It may only be a big hole in the ground right now, but the Vantage College project has already angered many university students who say the money could have been better spent to improve student housing and limit tuition increases.
"It's very disrespectful, said UBC student Aspen Dirk, "and a bit of a slap to the face."
Students say UBC is spending $127.5 million at a time when money is tight to build a stand-alone college complete with its own residential tower for 1,000 international students.
The website for the college, which targets wealthy overseas Asian students, promises "round the clock support," a "custom curriculum," and lower class sizes.
It allows students whose English-language test scores don't meet UBC's standards (but whose academic standards do) to enter a special first-year program designed just for them. If they complete the first-year program successfully, then they are able to continue into their second year at UBC.
Students will pay more than $50,000 a year for the privilege which includes tuition, accommodation and health care.
International students only
Even domestic students with English-as-a-second-language needs who can afford it, still aren't welcome.
"You can only apply to Vantage College if you are an international student, not a Canadian citizen or a permanent resident," says the Vantage College website.
The Canadian Federation of Students says trying to make up funding shortfalls by building an elite college for wealthy students is backwards thinking.
"Vantage College is one instance of where the funding priorities are wrong and what we need to be doing is looking at where we're failing current and existing students and Canadians who are in the system right now," says spokesman Zachary Crispin.
While UBC pours money into Vantage College and its 1,000-room tower, it faces a student housing shortage with 5,200 people on the waiting list.

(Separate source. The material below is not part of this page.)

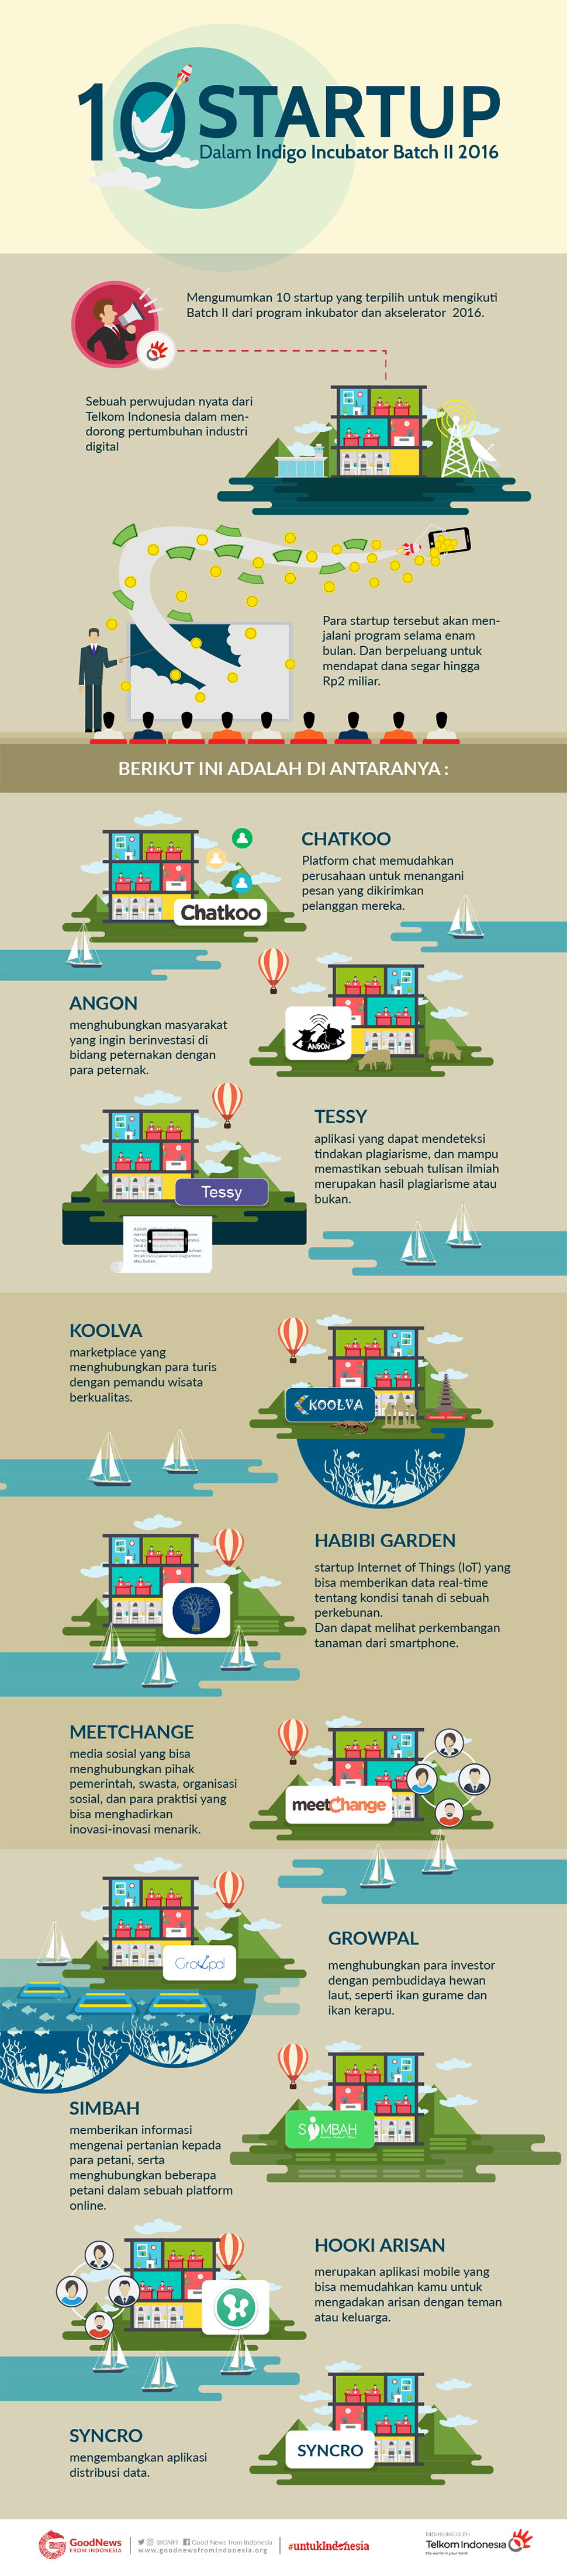 10 Startup masa depan Indonesia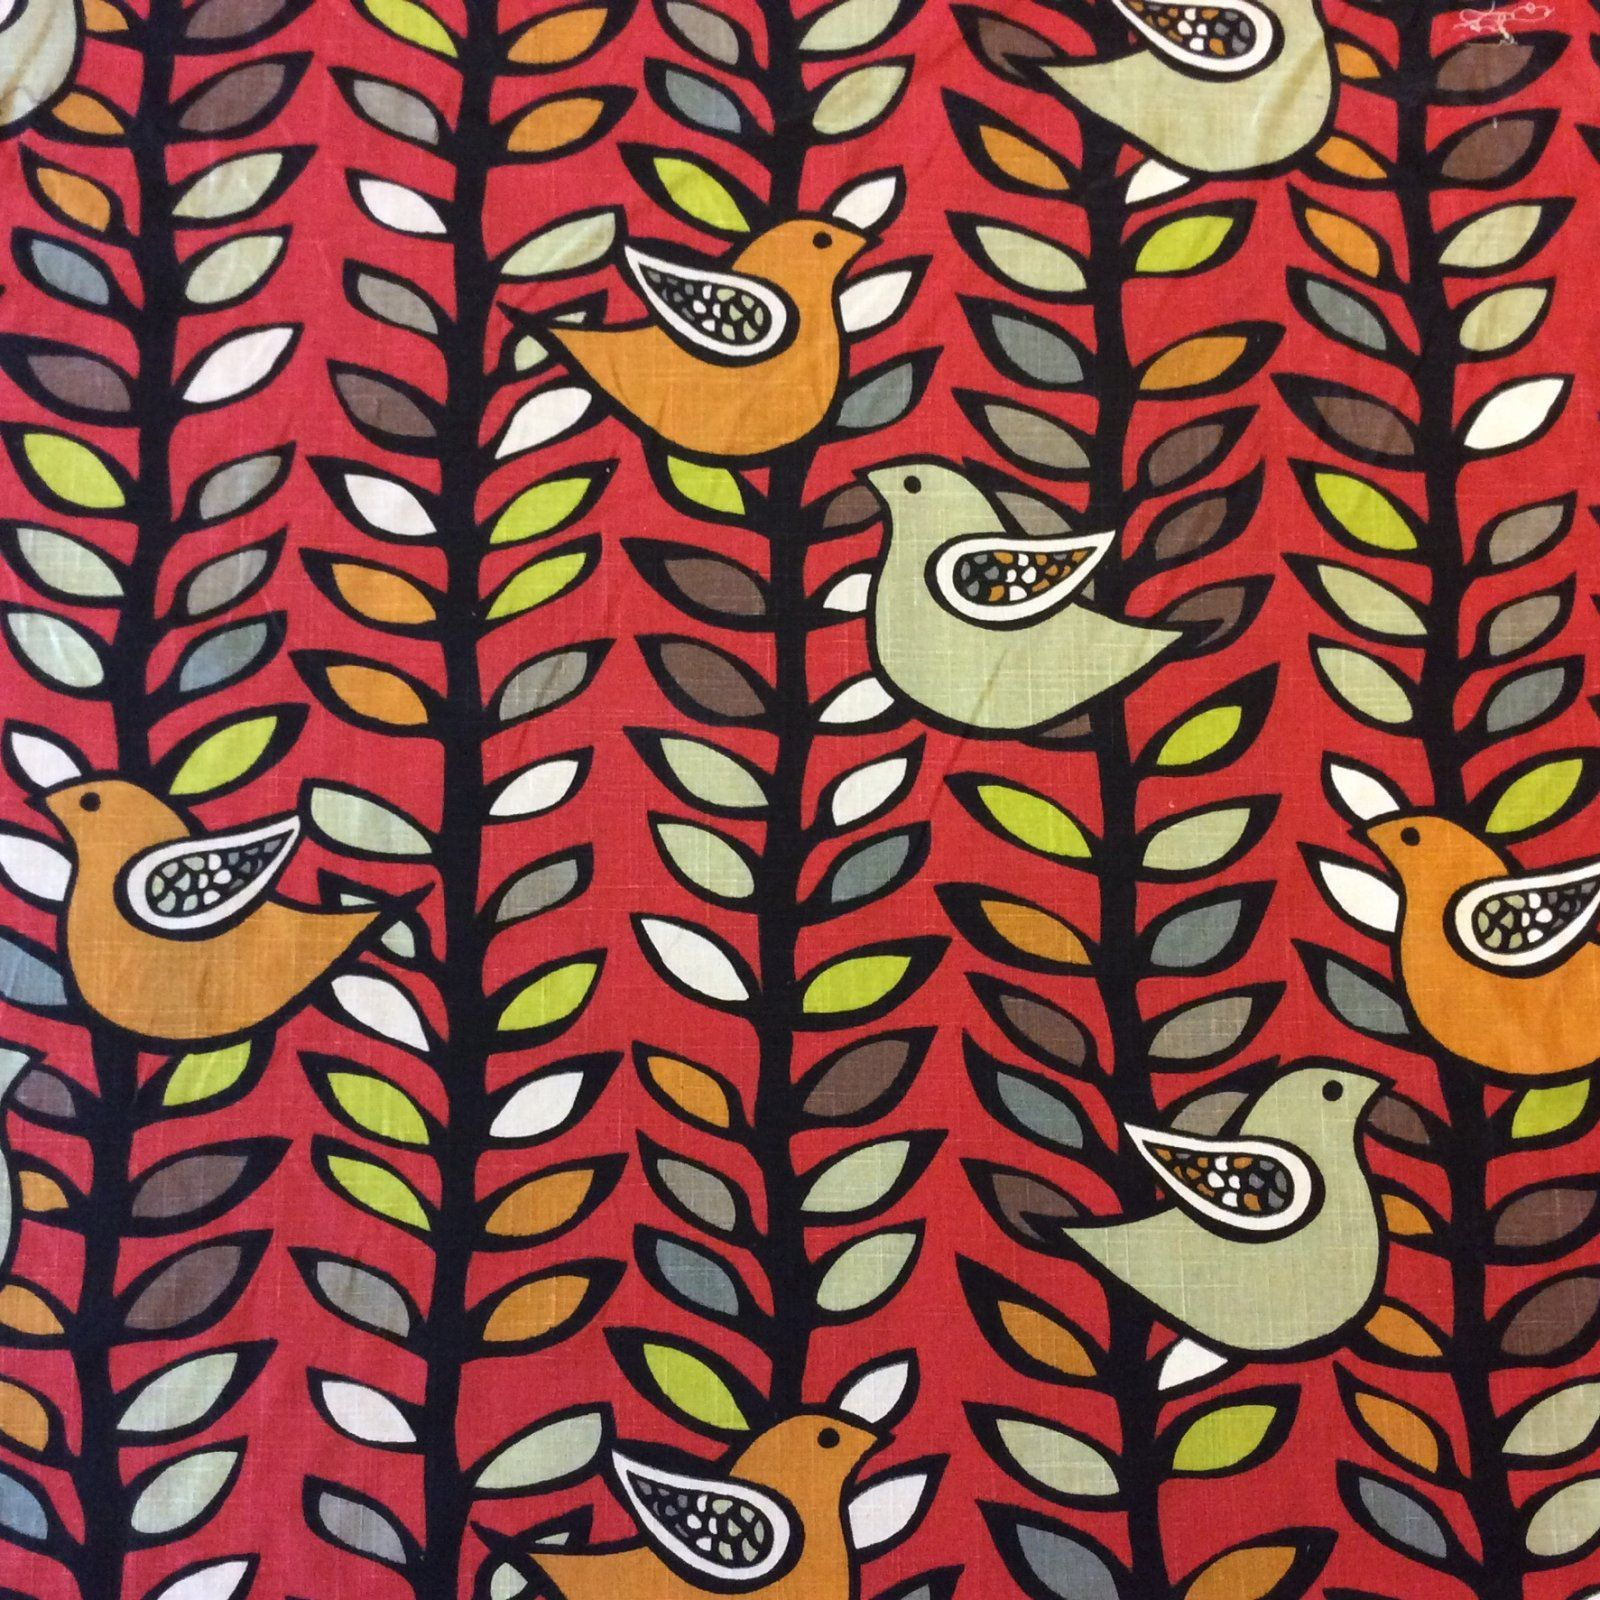 Scandinavian Mid Century Modern Style Graphic Bold Bird Fabric He Mid Century Modern Upholstery Fabric Modern Upholstery Fabric Scandinavian Mid Century Modern

Students are also looking at a 20 per cent increase in housing fees.
Next year's regular international students, whose fees are more than double those of domestic students, are facing a 10 per cent tuition fee increase.
Artist's rendering of Vantage College, which is currently under construction at UBC.UBC students worry about creation of elite class
UBC's student association worries Vantage College students will be living a segregated, privileged existence.
"It really is a big worry that they're not going to be fully integrated and they're going to be separate and continue to be friends with each other, but maybe not the wider community," said Alma Mater Society vice-president Anne Kessler.
"I think there's kind of a sense that, what are these students doing here? Are they really going to be integrated into campus? Are they getting better services?"
UBC says it is building Vantage College to provide better support to students whose second language is English, but admits it can also use the revenue.
Angela Redish, the university's associate vice-president of enrolment, says Vantage College will help alleviate financial pressure on the university, which also benefits students.
"UBC is facing financial pressures as are public institutions across the continent, maybe across the globe, and this is one of the ways are trying to deal with that," she said.
But that still doesn't sit well with some students.
"UBC is becoming more and more an elitist school," says Dirk, "...the poor need not apply."
Even without a bricks-and-mortar building, there's already been an initial intake of 200 Vantage College students in September. Those students displaced a number of regular UBC students from existing campus housing as the Vantage College residential tower isn't ready yet.